▶ **THE PROBLEM**:
Nothing should be omitted: restate the full listing word for word.

▶ **PROVIDED INFORMATION**:

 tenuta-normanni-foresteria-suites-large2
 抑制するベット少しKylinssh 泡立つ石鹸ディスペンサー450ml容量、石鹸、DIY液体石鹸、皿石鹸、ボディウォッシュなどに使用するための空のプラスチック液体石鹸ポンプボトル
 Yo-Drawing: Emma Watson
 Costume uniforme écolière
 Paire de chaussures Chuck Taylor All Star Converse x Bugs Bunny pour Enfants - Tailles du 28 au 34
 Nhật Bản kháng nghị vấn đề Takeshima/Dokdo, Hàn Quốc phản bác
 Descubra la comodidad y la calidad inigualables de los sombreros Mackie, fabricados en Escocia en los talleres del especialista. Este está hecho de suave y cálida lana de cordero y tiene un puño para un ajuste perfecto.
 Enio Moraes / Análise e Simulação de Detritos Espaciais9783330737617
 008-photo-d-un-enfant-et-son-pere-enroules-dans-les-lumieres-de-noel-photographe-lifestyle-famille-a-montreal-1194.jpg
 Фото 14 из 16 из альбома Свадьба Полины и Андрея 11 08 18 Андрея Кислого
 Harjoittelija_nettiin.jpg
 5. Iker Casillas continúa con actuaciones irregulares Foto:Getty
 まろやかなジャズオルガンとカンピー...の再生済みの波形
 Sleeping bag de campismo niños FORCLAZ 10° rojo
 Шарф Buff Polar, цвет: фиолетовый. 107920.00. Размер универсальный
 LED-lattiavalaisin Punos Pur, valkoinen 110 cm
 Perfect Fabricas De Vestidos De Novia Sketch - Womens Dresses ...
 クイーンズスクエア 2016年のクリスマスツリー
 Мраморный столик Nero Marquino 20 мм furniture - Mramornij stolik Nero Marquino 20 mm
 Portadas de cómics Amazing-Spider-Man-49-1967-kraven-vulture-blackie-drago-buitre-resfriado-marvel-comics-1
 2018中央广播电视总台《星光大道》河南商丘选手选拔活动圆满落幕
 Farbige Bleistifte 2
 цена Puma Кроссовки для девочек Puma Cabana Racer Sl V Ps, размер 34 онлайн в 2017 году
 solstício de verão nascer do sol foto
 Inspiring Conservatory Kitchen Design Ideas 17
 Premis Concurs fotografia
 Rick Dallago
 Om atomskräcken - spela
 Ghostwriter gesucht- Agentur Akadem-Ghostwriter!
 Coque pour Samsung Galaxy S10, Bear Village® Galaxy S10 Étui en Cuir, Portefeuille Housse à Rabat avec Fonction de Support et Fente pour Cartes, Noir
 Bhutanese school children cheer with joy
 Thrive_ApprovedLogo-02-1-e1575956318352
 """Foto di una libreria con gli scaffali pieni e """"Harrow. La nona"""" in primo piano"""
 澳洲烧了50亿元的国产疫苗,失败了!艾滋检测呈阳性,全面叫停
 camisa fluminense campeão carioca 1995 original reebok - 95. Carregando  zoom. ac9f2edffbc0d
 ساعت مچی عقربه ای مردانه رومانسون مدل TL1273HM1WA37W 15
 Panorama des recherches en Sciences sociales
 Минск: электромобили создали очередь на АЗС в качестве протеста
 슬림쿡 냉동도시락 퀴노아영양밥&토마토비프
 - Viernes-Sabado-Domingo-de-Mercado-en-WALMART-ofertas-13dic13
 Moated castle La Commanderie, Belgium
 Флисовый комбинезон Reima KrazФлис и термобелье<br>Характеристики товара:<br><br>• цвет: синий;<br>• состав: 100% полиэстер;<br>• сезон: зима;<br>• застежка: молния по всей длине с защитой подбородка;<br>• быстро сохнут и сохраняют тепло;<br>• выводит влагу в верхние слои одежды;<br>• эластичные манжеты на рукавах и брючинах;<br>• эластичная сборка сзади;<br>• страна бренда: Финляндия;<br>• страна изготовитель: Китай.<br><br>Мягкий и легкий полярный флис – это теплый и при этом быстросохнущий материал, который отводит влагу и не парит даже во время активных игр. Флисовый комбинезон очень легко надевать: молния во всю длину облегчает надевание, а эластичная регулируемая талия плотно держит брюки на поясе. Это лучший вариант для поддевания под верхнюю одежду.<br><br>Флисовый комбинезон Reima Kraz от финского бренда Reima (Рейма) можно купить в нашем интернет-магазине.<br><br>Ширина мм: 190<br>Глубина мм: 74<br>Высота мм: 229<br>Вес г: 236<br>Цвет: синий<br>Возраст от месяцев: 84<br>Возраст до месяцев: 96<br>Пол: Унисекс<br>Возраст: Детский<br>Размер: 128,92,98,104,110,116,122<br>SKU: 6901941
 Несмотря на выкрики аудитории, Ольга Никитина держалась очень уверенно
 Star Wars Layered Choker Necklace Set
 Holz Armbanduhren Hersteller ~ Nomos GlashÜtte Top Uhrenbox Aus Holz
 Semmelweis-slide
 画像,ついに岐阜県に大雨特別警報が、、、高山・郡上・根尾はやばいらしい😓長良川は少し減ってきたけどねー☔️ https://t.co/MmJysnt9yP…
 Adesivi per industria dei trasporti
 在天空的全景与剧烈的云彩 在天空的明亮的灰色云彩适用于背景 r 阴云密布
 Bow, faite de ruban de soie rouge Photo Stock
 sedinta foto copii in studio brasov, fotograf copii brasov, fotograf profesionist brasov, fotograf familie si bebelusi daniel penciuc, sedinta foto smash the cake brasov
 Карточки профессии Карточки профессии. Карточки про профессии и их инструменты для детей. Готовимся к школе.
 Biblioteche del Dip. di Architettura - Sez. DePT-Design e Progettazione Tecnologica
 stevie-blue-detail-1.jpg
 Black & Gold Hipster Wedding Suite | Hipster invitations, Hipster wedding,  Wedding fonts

▶ **REPLY TO THE TASK**:
 tenuta-normanni-foresteria-suites-large2
 抑制するベット少しKylinssh 泡立つ石鹸ディスペンサー450ml容量、石鹸、DIY液体石鹸、皿石鹸、ボディウォッシュなどに使用するための空のプラスチック液体石鹸ポンプボトル
 Yo-Drawing: Emma Watson
 Costume uniforme écolière
 Paire de chaussures Chuck Taylor All Star Converse x Bugs Bunny pour Enfants - Tailles du 28 au 34
 Nhật Bản kháng nghị vấn đề Takeshima/Dokdo, Hàn Quốc phản bác
 Descubra la comodidad y la calidad inigualables de los sombreros Mackie, fabricados en Escocia en los talleres del especialista. Este está hecho de suave y cálida lana de cordero y tiene un puño para un ajuste perfecto.
 Enio Moraes / Análise e Simulação de Detritos Espaciais9783330737617
 008-photo-d-un-enfant-et-son-pere-enroules-dans-les-lumieres-de-noel-photographe-lifestyle-famille-a-montreal-1194.jpg
 Фото 14 из 16 из альбома Свадьба Полины и Андрея 11 08 18 Андрея Кислого
 Harjoittelija_nettiin.jpg
 5. Iker Casillas continúa con actuaciones irregulares Foto:Getty
 まろやかなジャズオルガンとカンピー...の再生済みの波形
 Sleeping bag de campismo niños FORCLAZ 10° rojo
 Шарф Buff Polar, цвет: фиолетовый. 107920.00. Размер универсальный
 LED-lattiavalaisin Punos Pur, valkoinen 110 cm
 Perfect Fabricas De Vestidos De Novia Sketch - Womens Dresses ...
 クイーンズスクエア 2016年のクリスマスツリー
 Мраморный столик Nero Marquino 20 мм furniture - Mramornij stolik Nero Marquino 20 mm
 Portadas de cómics Amazing-Spider-Man-49-1967-kraven-vulture-blackie-drago-buitre-resfriado-marvel-comics-1
 2018中央广播电视总台《星光大道》河南商丘选手选拔活动圆满落幕
 Farbige Bleistifte 2
 цена Puma Кроссовки для девочек Puma Cabana Racer Sl V Ps, размер 34 онлайн в 2017 году
 solstício de verão nascer do sol foto
 Inspiring Conservatory Kitchen Design Ideas 17
 Premis Concurs fotografia
 Rick Dallago
 Om atomskräcken - spela
 Ghostwriter gesucht- Agentur Akadem-Ghostwriter!
 Coque pour Samsung Galaxy S10, Bear Village® Galaxy S10 Étui en Cuir, Portefeuille Housse à Rabat avec Fonction de Support et Fente pour Cartes, Noir
 Bhutanese school children cheer with joy
 Thrive_ApprovedLogo-02-1-e1575956318352
 """Foto di una libreria con gli scaffali pieni e """"Harrow. La nona"""" in primo piano"""
 澳洲烧了50亿元的国产疫苗,失败了!艾滋检测呈阳性,全面叫停
 camisa fluminense campeão carioca 1995 original reebok - 95. Carregando  zoom. ac9f2edffbc0d
 ساعت مچی عقربه ای مردانه رومانسون مدل TL1273HM1WA37W 15
 Panorama des recherches en Sciences sociales
 Минск: электромобили создали очередь на АЗС в качестве протеста
 슬림쿡 냉동도시락 퀴노아영양밥&토마토비프
 - Viernes-Sabado-Domingo-de-Mercado-en-WALMART-ofertas-13dic13
 Moated castle La Commanderie, Belgium
 Флисовый комбинезон Reima KrazФлис и термобелье<br>Характеристики товара:<br><br>• цвет: синий;<br>• состав: 100% полиэстер;<br>• сезон: зима;<br>• застежка: молния по всей длине с защитой подбородка;<br>• быстро сохнут и сохраняют тепло;<br>• выводит влагу в верхние слои одежды;<br>• эластичные манжеты на рукавах и брючинах;<br>• эластичная сборка сзади;<br>• страна бренда: Финляндия;<br>• страна изготовитель: Китай.<br><br>Мягкий и легкий полярный флис – это теплый и при этом быстросохнущий материал, который отводит влагу и не парит даже во время активных игр. Флисовый комбинезон очень легко надевать: молния во всю длину облегчает надевание, а эластичная регулируемая талия плотно держит брюки на поясе. Это лучший вариант для поддевания под верхнюю одежду.<br><br>Флисовый комбинезон Reima Kraz от финского бренда Reima (Рейма) можно купить в нашем интернет-магазине.<br><br>Ширина мм: 190<br>Глубина мм: 74<br>Высота мм: 229<br>Вес г: 236<br>Цвет: синий<br>Возраст от месяцев: 84<br>Возраст до месяцев: 96<br>Пол: Унисекс<br>Возраст: Детский<br>Размер: 128,92,98,104,110,116,122<br>SKU: 6901941
 Несмотря на выкрики аудитории, Ольга Никитина держалась очень уверенно
 Star Wars Layered Choker Necklace Set
 Holz Armbanduhren Hersteller ~ Nomos GlashÜtte Top Uhrenbox Aus Holz
 Semmelweis-slide
 画像,ついに岐阜県に大雨特別警報が、、、高山・郡上・根尾はやばいらしい😓長良川は少し減ってきたけどねー☔️ https://t.co/MmJysnt9yP…
 Adesivi per industria dei trasporti
 在天空的全景与剧烈的云彩 在天空的明亮的灰色云彩适用于背景 r 阴云密布
 Bow, faite de ruban de soie rouge Photo Stock
 sedinta foto copii in studio brasov, fotograf copii brasov, fotograf profesionist brasov, fotograf familie si bebelusi daniel penciuc, sedinta foto smash the cake brasov
 Карточки профессии Карточки профессии. Карточки про профессии и их инструменты для детей. Готовимся к школе.
 Biblioteche del Dip. di Architettura - Sez. DePT-Design e Progettazione Tecnologica
 stevie-blue-detail-1.jpg
 Black & Gold Hipster Wedding Suite | Hipster invitations, Hipster wedding,  Wedding fonts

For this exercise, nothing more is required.